What is the point to filter the reads based on their strand in a RNA-seq and to generate two tracks ?
Answer:
We did a stranded library, so we can generate a forward and reverse tracks which are both biologically relevant. Filtering the strand allows to generate the two tracks separately.
Visualizing the alignment using IGV
Now let’s visualize our tracks using IGV. In IGV you can load the fasta genome and then the sorted
bam, bigwig or gff. The gff is the genome annotation file
with the genes position.
For this step, you will have to download IGV on your own personal computer. Here is the page where the installation file is available for each OS (Windows, Mac or Linux).
https://software.broadinstitute.org/software/igv/download
Once it’s downloaded you can open it. Load the bacterial YB886 genome from the reference folder
and some bw files that you have generated. You can also load the gene annotation gff
file.
Now we can play around and explore your data.
Is it uniform ?
Answer:
No. It’s a RNA-seq, not a genomic DNA coverage.
If you load the stranded files, Do you see antisens RNA (it means coverage in the opposite strand of the gene) ?
Answer:
There are some coverage, but it’s very low. If you do the statistics, you will see that only 2-3% of the reads are antisens in these samples. For some species, samples, there are a lot of antisens RNA but it’s generally not more than 10-20%.

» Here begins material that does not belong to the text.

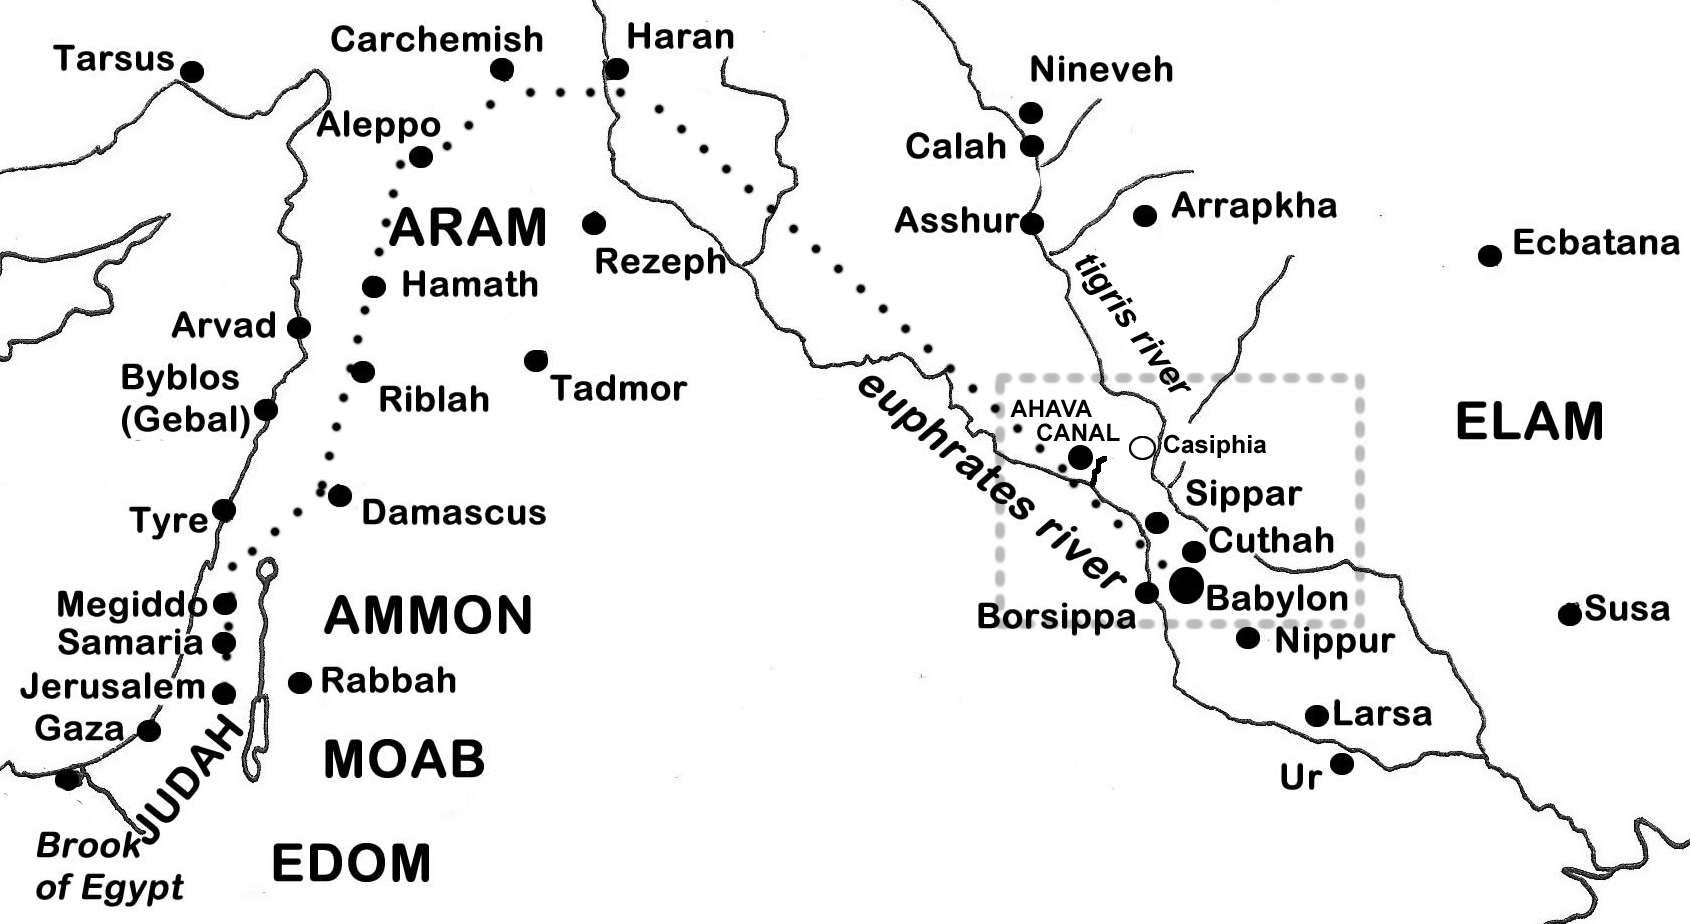 253B Ahava Canal and Casiphia in Babylon

Looking at the strands of the genes on the whole genome (look at the tracks on the forward and reverse strand), is it a uniform distribution or not ? Based on your knowledge on bacteria, why do you think it’s not uniform ?
Answer:
Mainly the first half of the genome the genes are in the forward strand and there are in reverse in the second one. The reason is the origin of replication of the bacteria is the beginning/end of the reference genome (the genome is circular so the beginning and the end of the reference is the same region). Evolution tends to select genes which are in the same direction as the replication of the DNA. So in the first half the replication goes in the forward way, and the genes too, and the contrary happens in the second half.